April 9, 1865, Robert E. Lee, Commander of the Army of Northern Virginia surrendered to General U. S. Grant. Essentially now the Civil War was over. The North had prevailed.
April 10 President Abraham Lincoln addressed a huge crowd that gathered around the White House. There was great festivity and celebration both the night before and this day. Normalcy was returning! The Union had been saved! The crowd hung on Lincoln’s every word. What a grand and great day!
April 14, Good Friday, Lincoln was met once more with cheers and adulation. The crowd at Ford’s Theater gave him a standing ovation as he entered his private box to watch the play, “American Cousin.” Moments later John Wilkes Booth, an actor who was also in the crowd at the White House to hear Lincoln speak just four days prior, pulled the trigger of his Deringer pistol to assassinate the president.
The war is over! We love you, Mr. President! The President has died! From the pinnacle of emotion to emotion’s depths in such a short time. Life can come after us that way, can’t it? Multiple emotional rugs will get pulled from under us in a lifetime often without warning.
Imagine those who followed Jesus. A triumphal Jerusalem entry with palms and cloaks paving his way. Then it all turned. I wonder if this was the discussion between the two on the road to Emmaus that Easter day. How to come to grips with all that happened in such a short time punctuated with great joy and turning to grief and hopelessness?

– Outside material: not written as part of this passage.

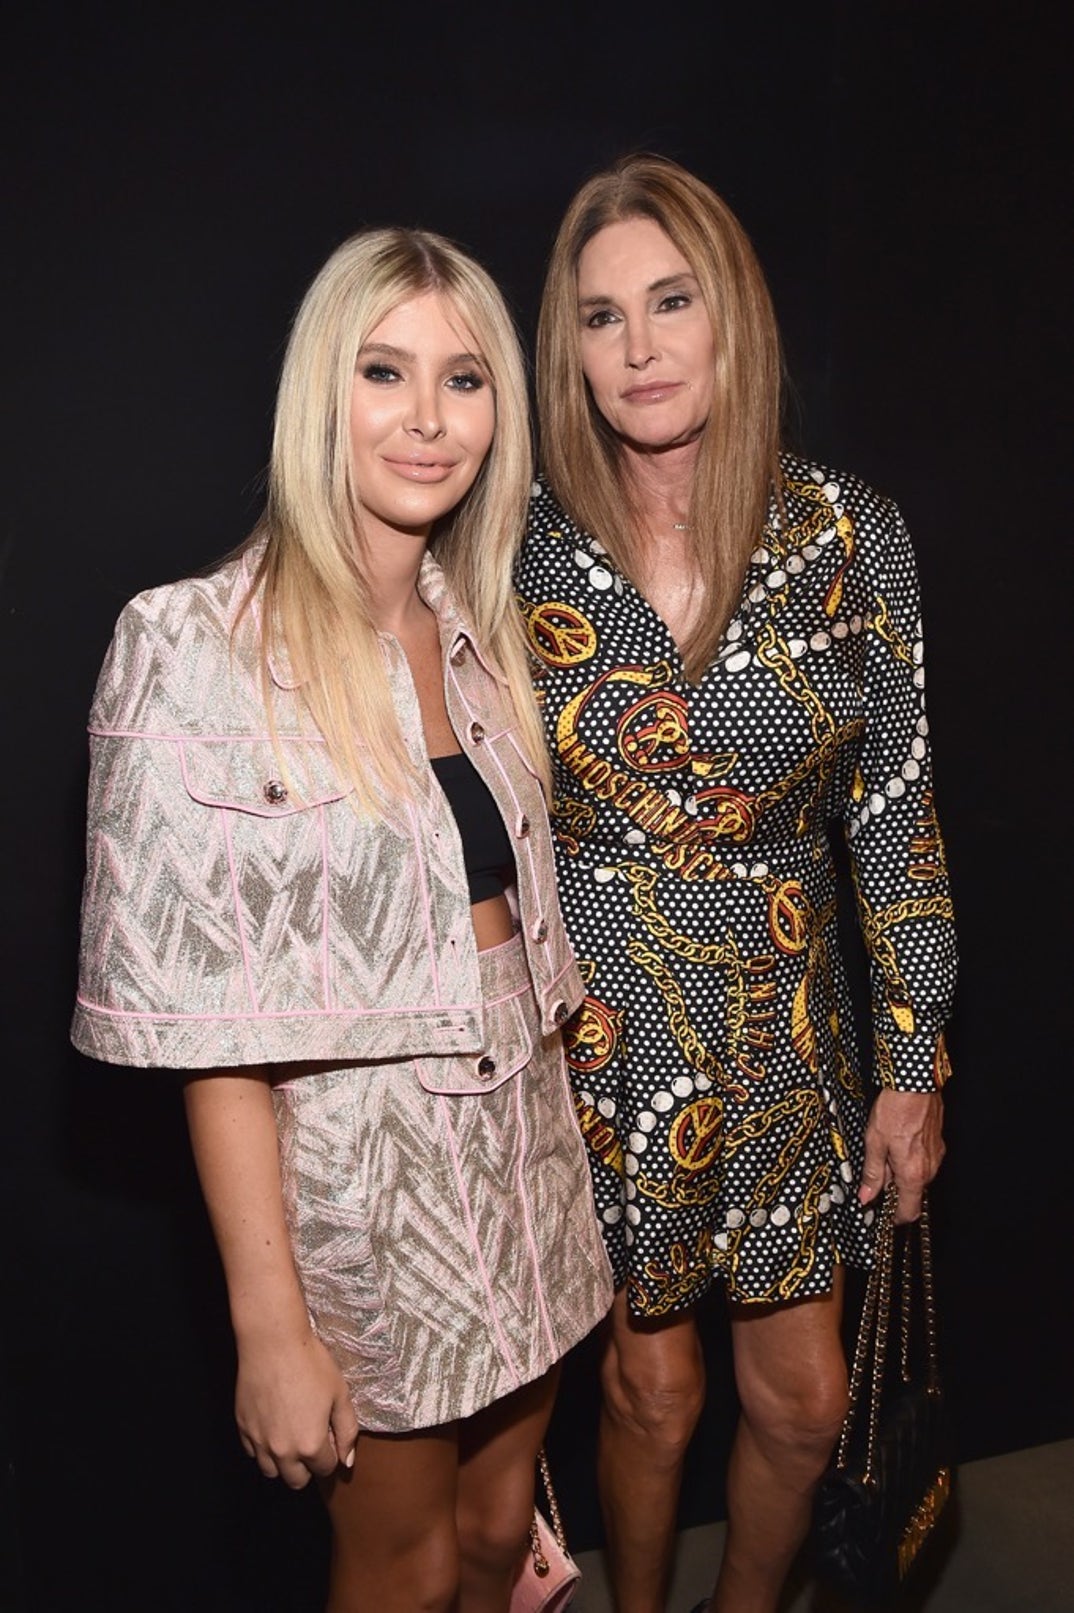 Caitlyn Jenner And Sophia Hutchins Together

Soon the travelers had a companion. Those of us hearing this story know the outcome and we watch like parents seeing their children opening gifts Christmas morning. We know what they will discover in their packages and watch to see their reactions. We know how the Road to Emmaus story turns out, yet we watch in anticipation of the surprised response of the two grief-stricken travelers.
Easter is a celebration of the resurrection of Jesus. Christ is risen! Jesus lives and is present! In the Emmaus story we see how this risen Jesus often appears: without warning as a surprise and frequently in disguise. We have no idea the risen Christ was at work in and through us or in and through some others until the gift of hindsight makes us aware.
Among many things, resurrection means be prepared for the possibility of being surprised. Difficult moments can become crucibles, turning points of transformation and change. We can be made stronger or more aware or empathetic. We can become at least one tiny step closer to the person God created us to be.
With a Jesus who lives still, we can continue our walk on the roads life puts in front of us. We never know what might lurk just around the next turn in the road. Yet despite the often abrupt turnarounds that can strike us, we can continue to follow, serve, forgive, and love even as we also fail to do these things. We can walk in hope with a faith that trusts Jesus to interrupt us from time to time and never leaves us the same.
Christ is risen! Christ is risen, indeed! Lookout!